Dzisiaj było słonecznie, ale wietrznie i jechało się ciężko, więc nie szarżowałem.
Dzisiaj było słonecznie, ale wietrznie i jechało się ciężko, więc nie szarżowałem.

Zdjęcie w walentynkowym klimacie.

Kościół w Kicinie o każdej porze roku wygląda dobrze na zdjęciach.

O dziwo nigdzie nie było ślisko.
Mój gravel jest już prawie gotowy do sezonu. Większość kupionych elementów jest już założona na rowerze.
A zmian trochę jest:
- opony Tufo Gravel Speedero 40C
- pedały Shimano M540
- siodełko Fizik Terra Argo X5
- folia ochronna na ramę, ramiona korby i widelec od BikeProtection
- torba Jack Pack Kierowniczka
- koszyczki na bidon Elite Custom Race Plus czarno-oliwkowe, pasujące pod kolor roweru
- tylna ośka Burley Thru Axle z adapterem do ciągnięcia przyczepki
Przez opony, siodełko i lżejsze pedały udało się rower odchudzić o pół kilo.

- DST 32.78km
- Czas 02:00
- VAVG 16.39km/h
- Temperatura -7.0°C
- Sprzęt Author Dexter
- Aktywność Jazda na rowerze
Prawie Karpacz
Niedziela, 7 lutego 2021 · dodano: 07.02.2021 | Komentarze 1
Zimno... A ma być jeszcze zimniej.
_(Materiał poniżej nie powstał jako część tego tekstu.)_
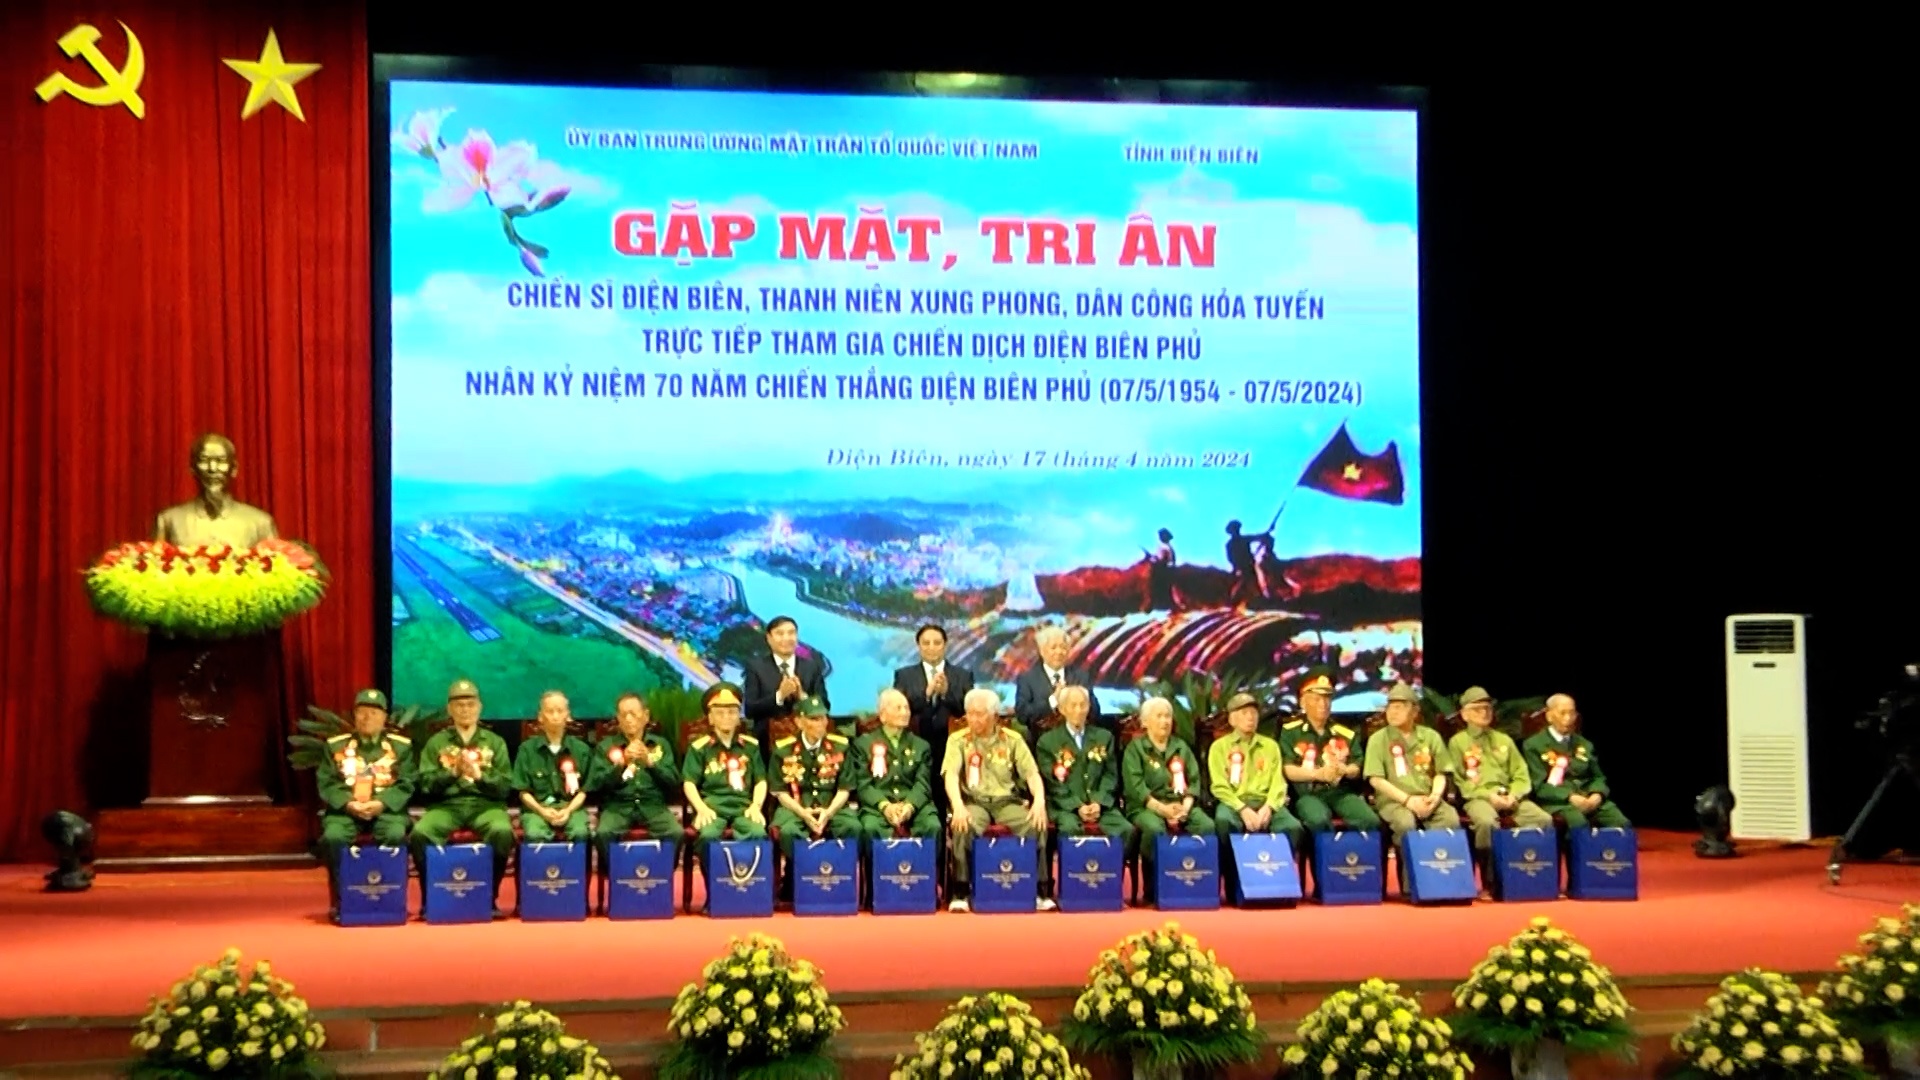 Đoàn đại biểu tỉnh Yên Bái dự gặp mặt tri ân các chiến sĩ Điện Biên, thanh niên xung phong, dân công hỏa tuyến
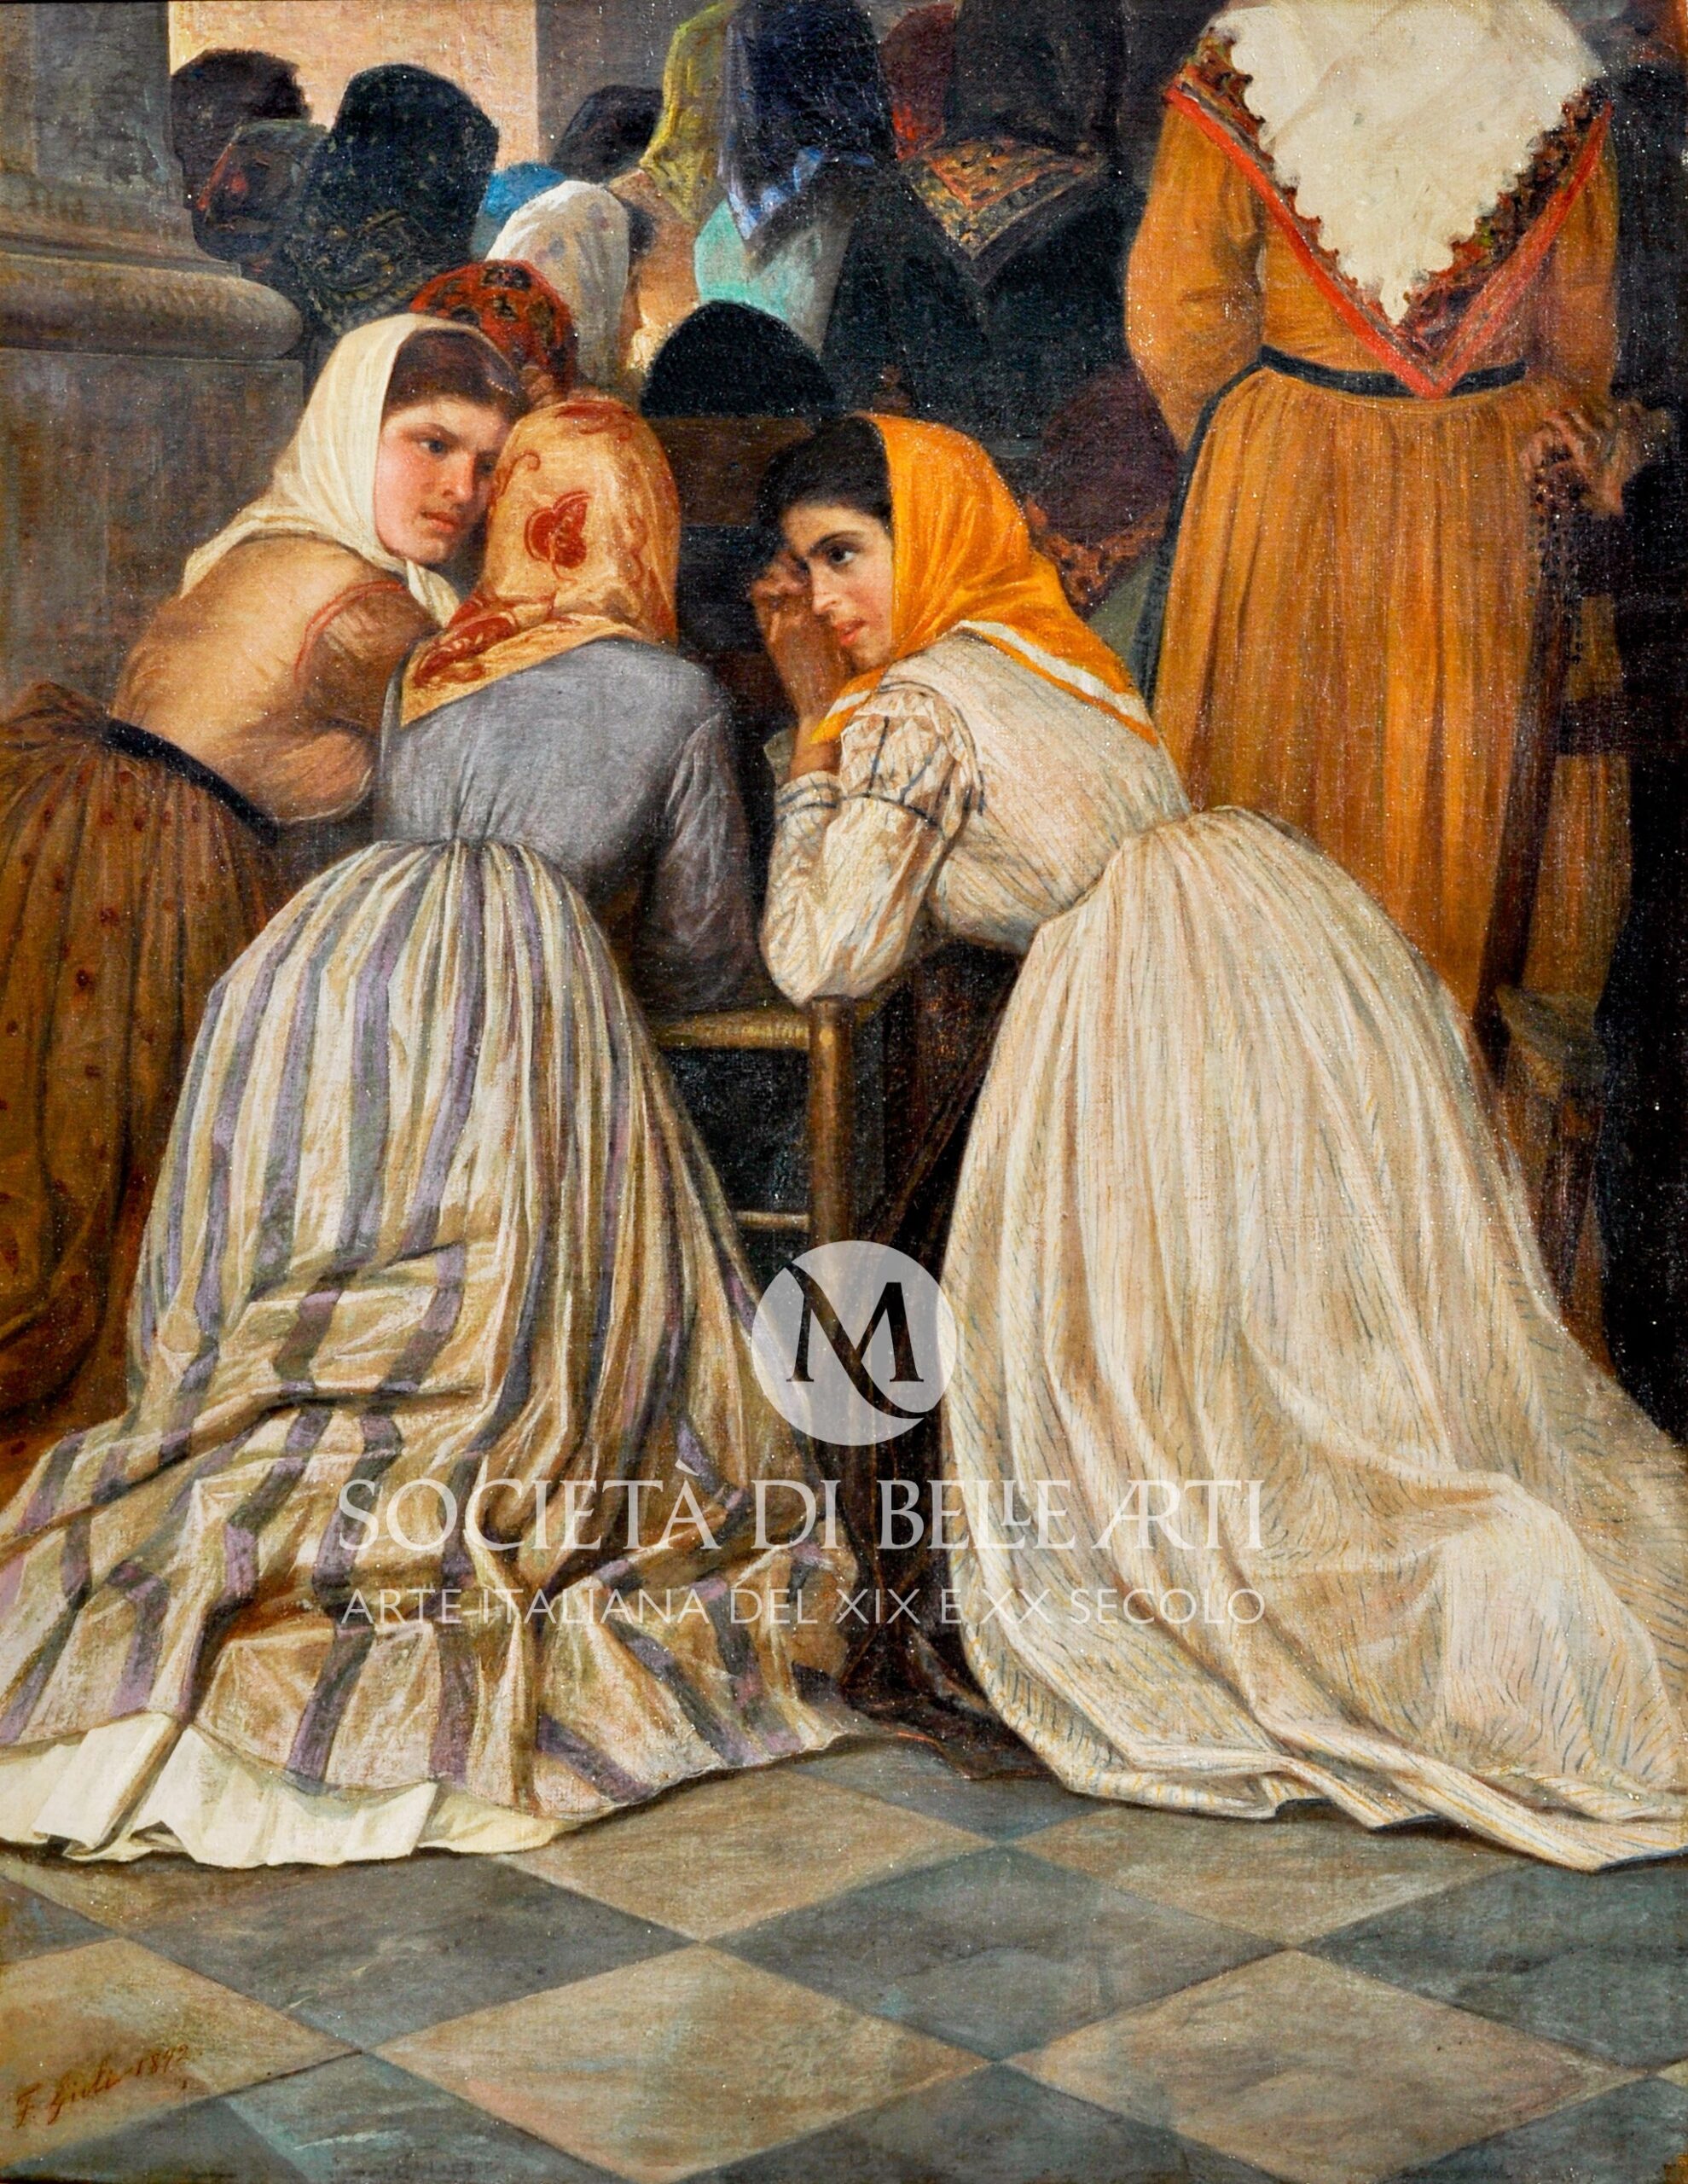 Francesco Gioli dipinti in vendita presso la Società di Belle Arti

Dawno nie było mnie na Krzesinach, gdzie znajduje się kościół w stylu norweskim, podobny do tego w Karpaczu.
Wiatr mnie zmasakrował, po powrocie do domu wygrzewałem się pod dwiema kołdrami.
- DST 29.34km
- Czas 01:38
- VAVG 17.96km/h
- Temperatura -2.0°C
- Sprzęt Author Dexter
- Aktywność Jazda na rowerze
Dziewicza Baza
Sobota, 6 lutego 2021 · dodano: 06.02.2021 | Komentarze 1
Poranny wypad w okolice Dziewiczej Góry. Na leśnych drogach i szlach pełne oblodzenie, więc nie było sensu zapuszczać się w las. Musiałem wrócić po własnym śladzie, czego nie lubię i z reguły nie praktykuję.
Patrząc na prognozy pogody na najbliższy tydzień, to wiadomo jedno - zima o nas nie zapomniała...

- DST 39.20km
- Teren 1.00km
- Czas 01:58
- VAVG 19.93km/h
- Temperatura -3.0°C
- Sprzęt Author Dexter
- Aktywność Jazda na rowerze
Biedrusko
Niedziela, 31 stycznia 2021 · dodano: 31.01.2021 | Komentarze 1
Poranny wypad na północ od Poznania. Mroźno, ale w miarę sucho. W Poznaniu DDRki odśnieżone, tak samo droga do Biedruska. O czym nie mogę powiedzieć o pozostałych drogach dla rowerów. Wykorzystałem ten fakt i jechałem drogą, oczywiście zostałem strąbiony, jak śmiałem opuścić DDRkę Na Głównej był syf na DDRce, ale wiadomo, że Główna to nie Poznań, to stan umysłu...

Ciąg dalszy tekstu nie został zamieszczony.